# Problem requirements:
Reproduce the whole listing word for word. Leave every image out.

*** Recorded data ***

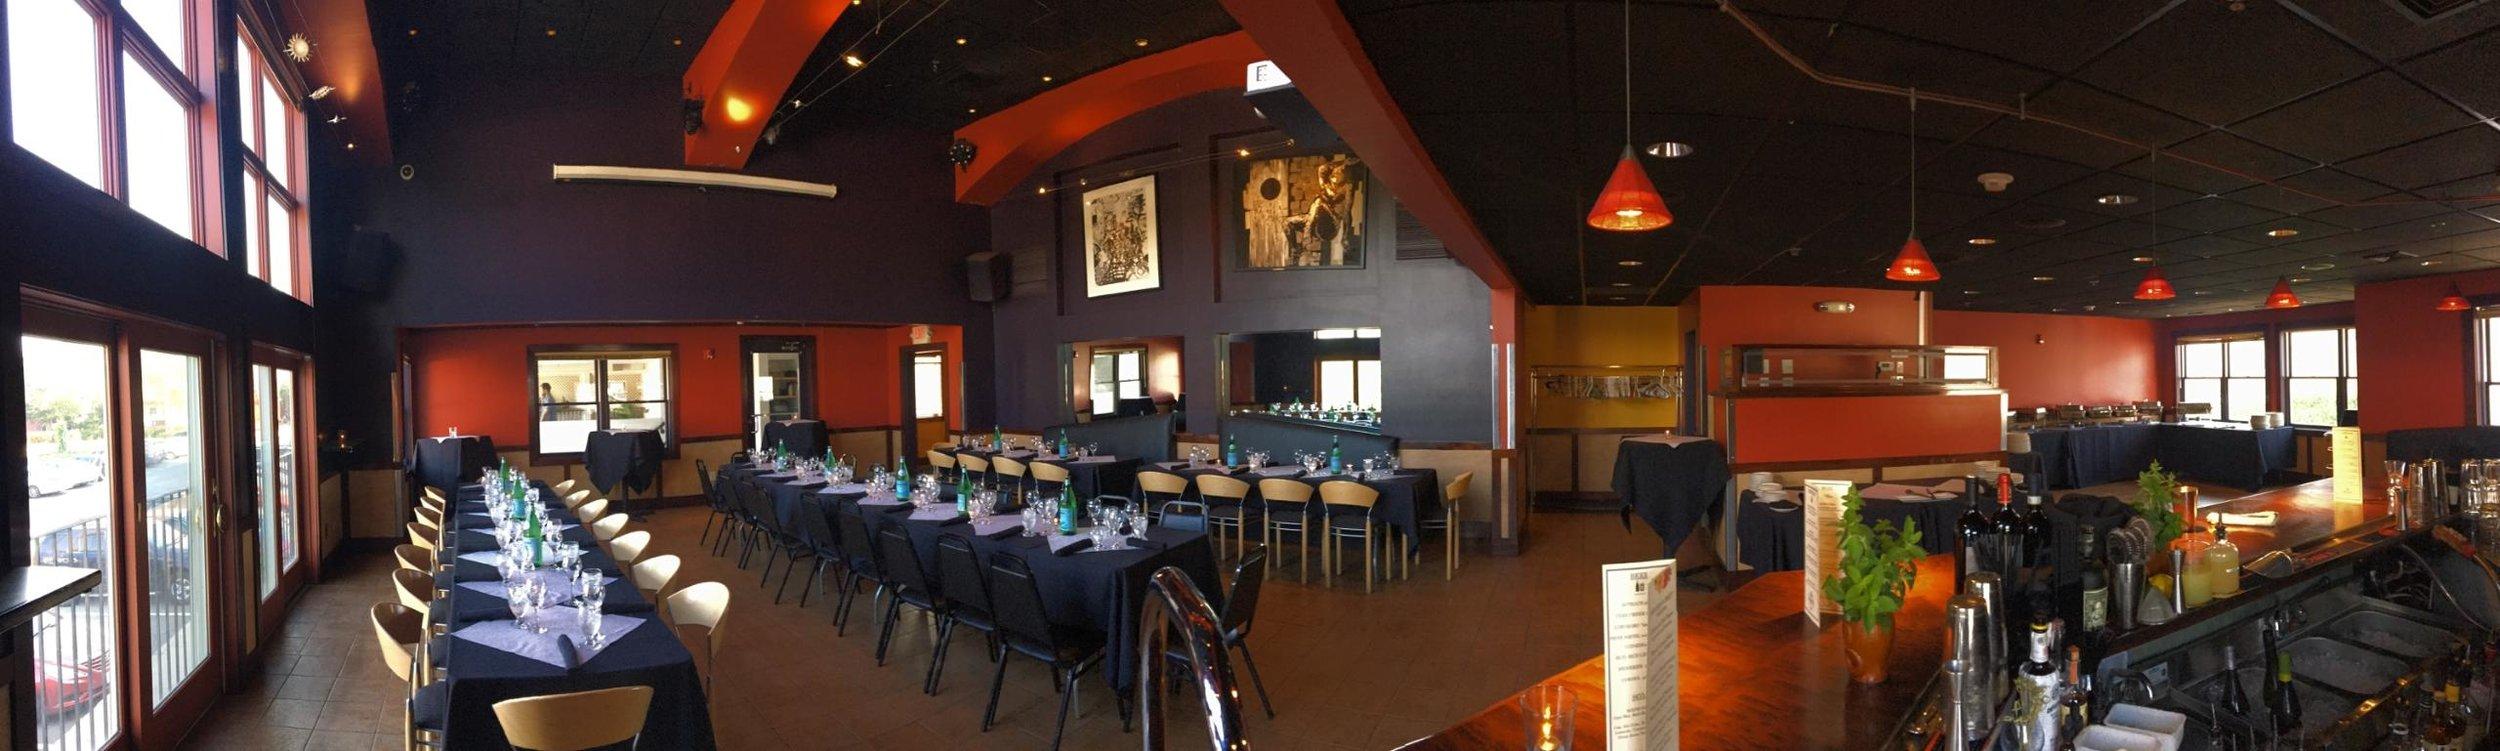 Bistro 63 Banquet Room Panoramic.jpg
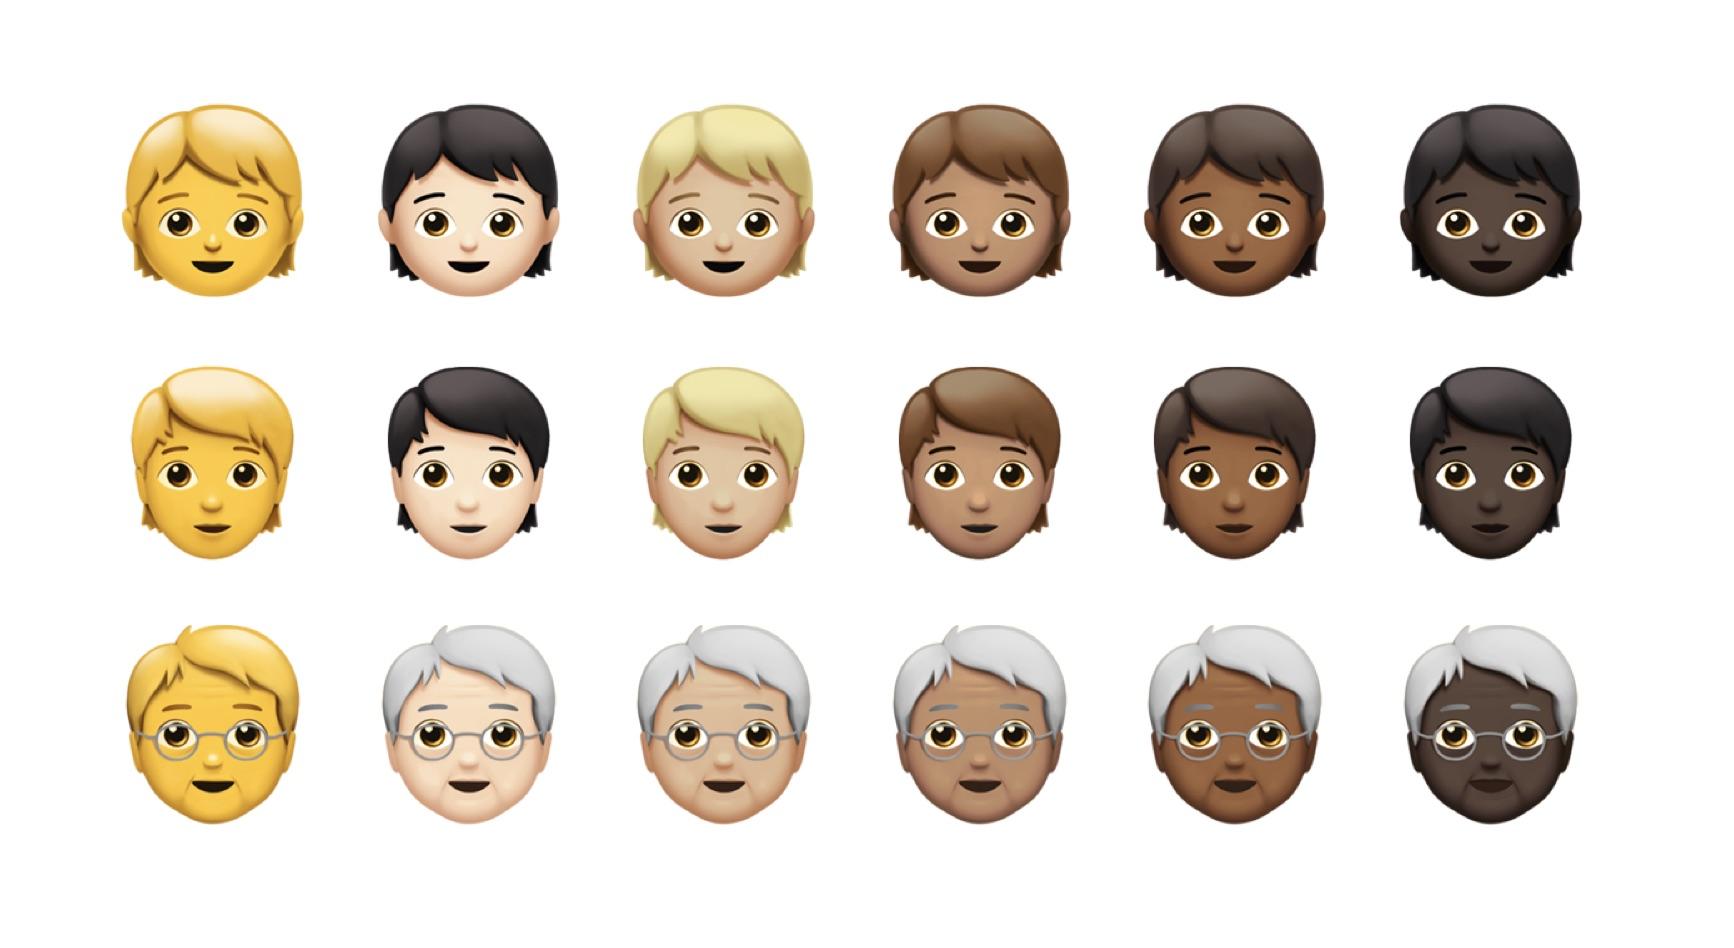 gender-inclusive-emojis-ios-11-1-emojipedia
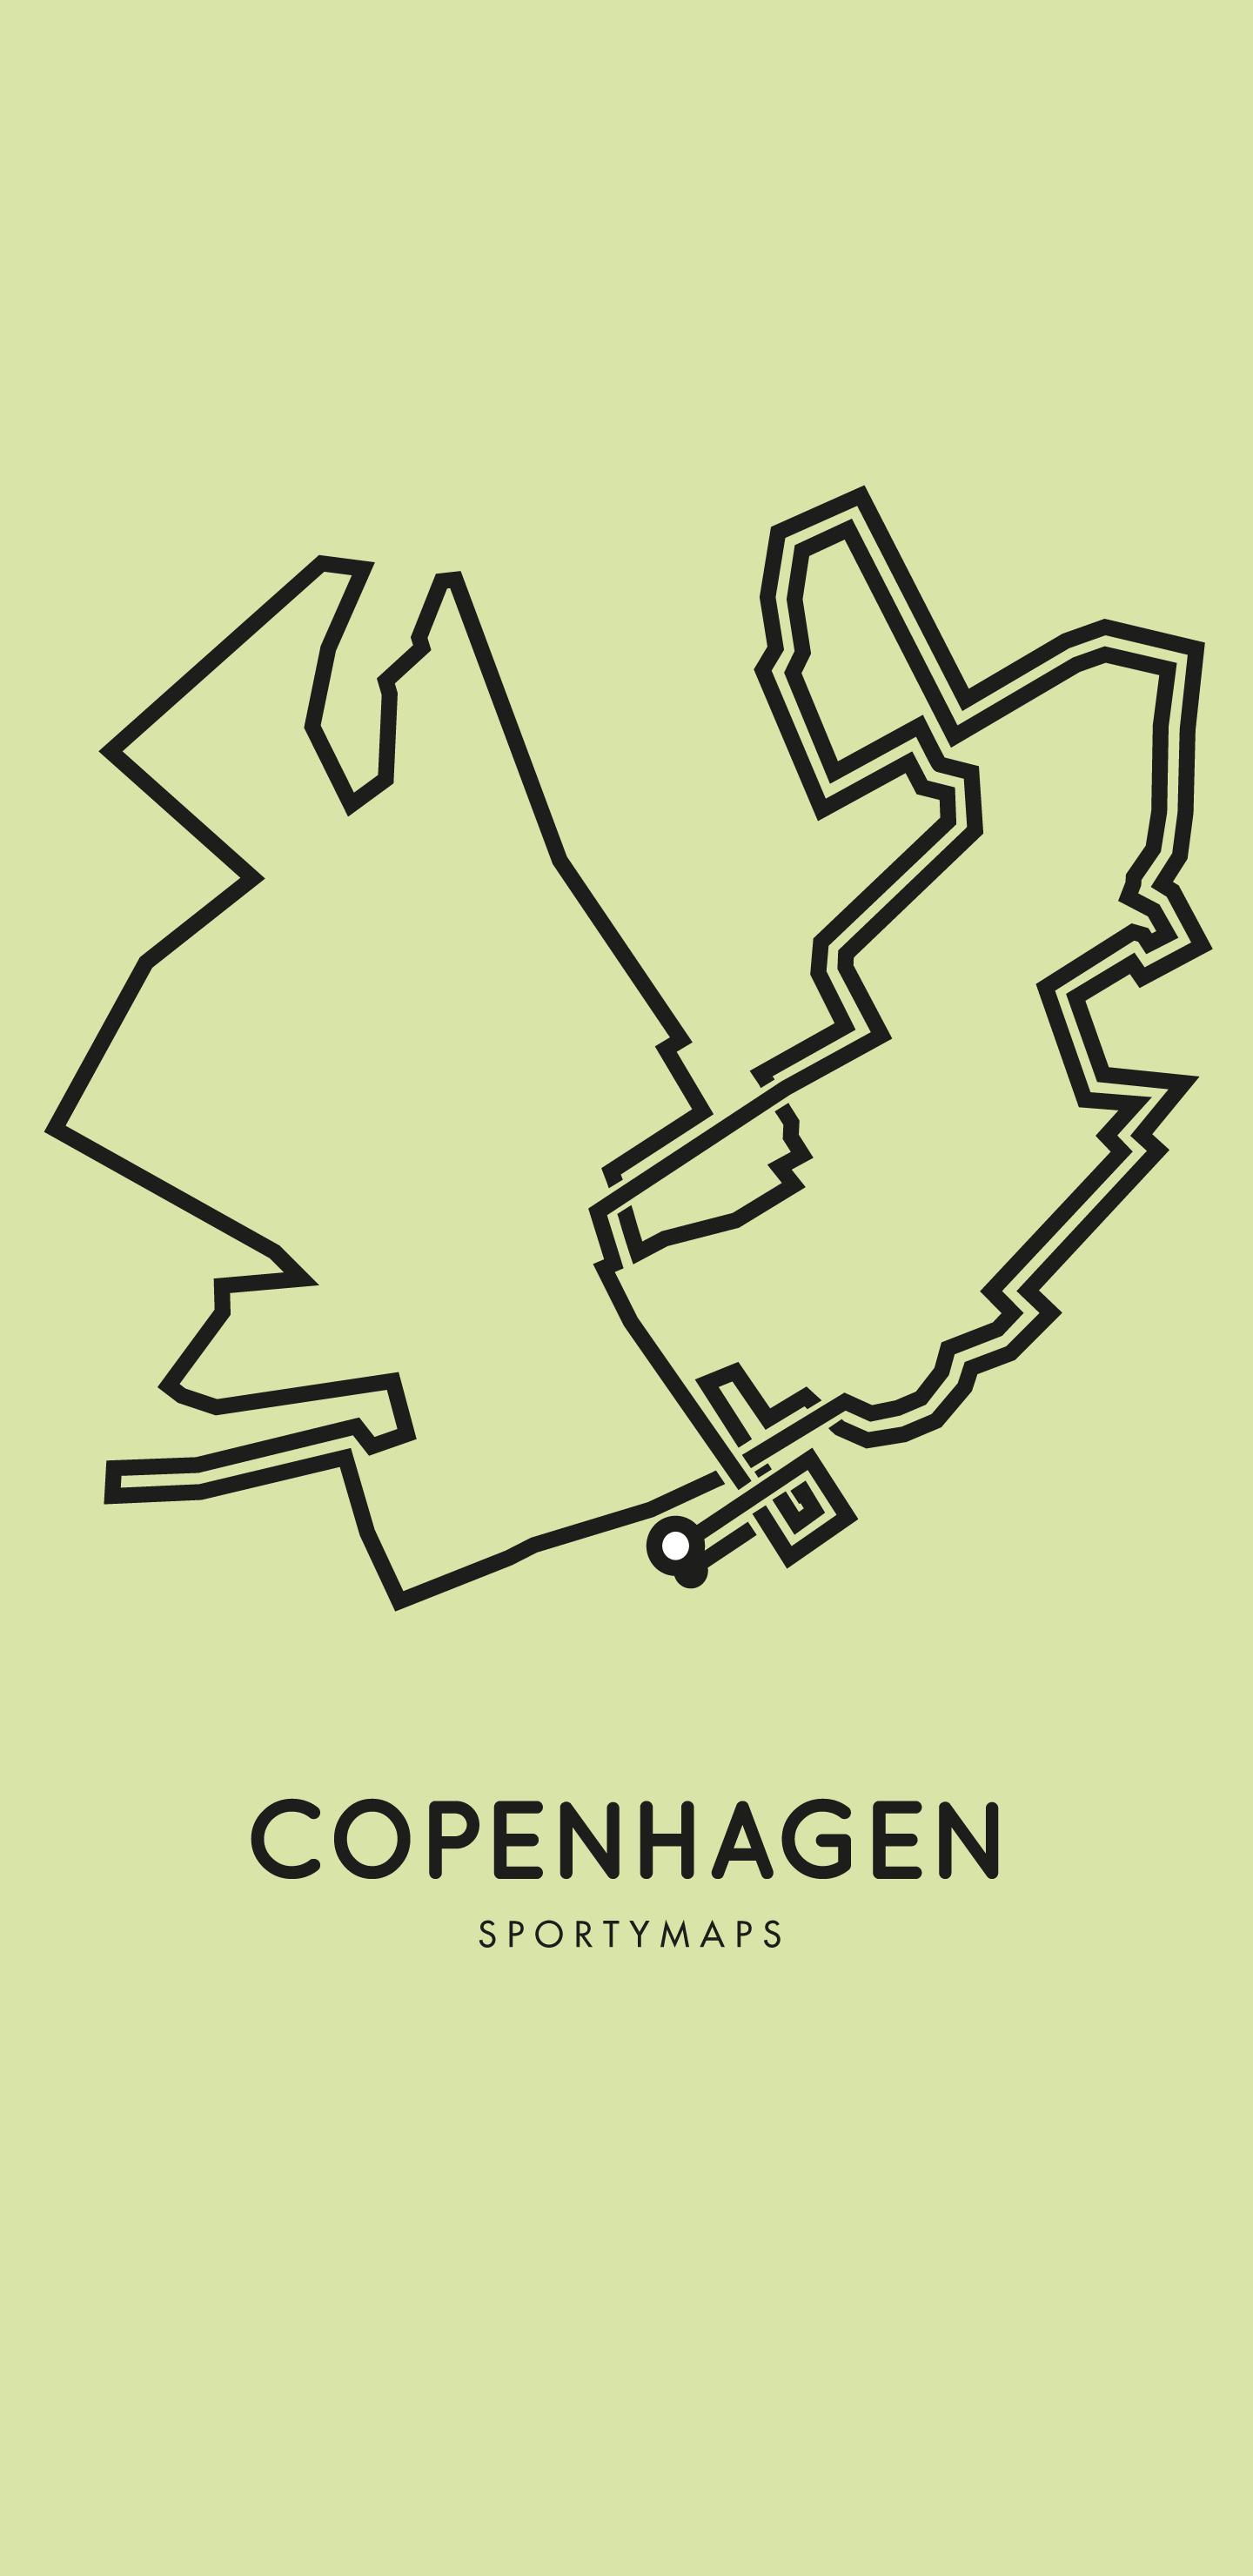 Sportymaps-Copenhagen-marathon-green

*** End of Recorded data ***

# Response:
 Bistro 63 Banquet Room Panoramic.jpg
 gender-inclusive-emojis-ios-11-1-emojipedia
 Sportymaps-Copenhagen-marathon-green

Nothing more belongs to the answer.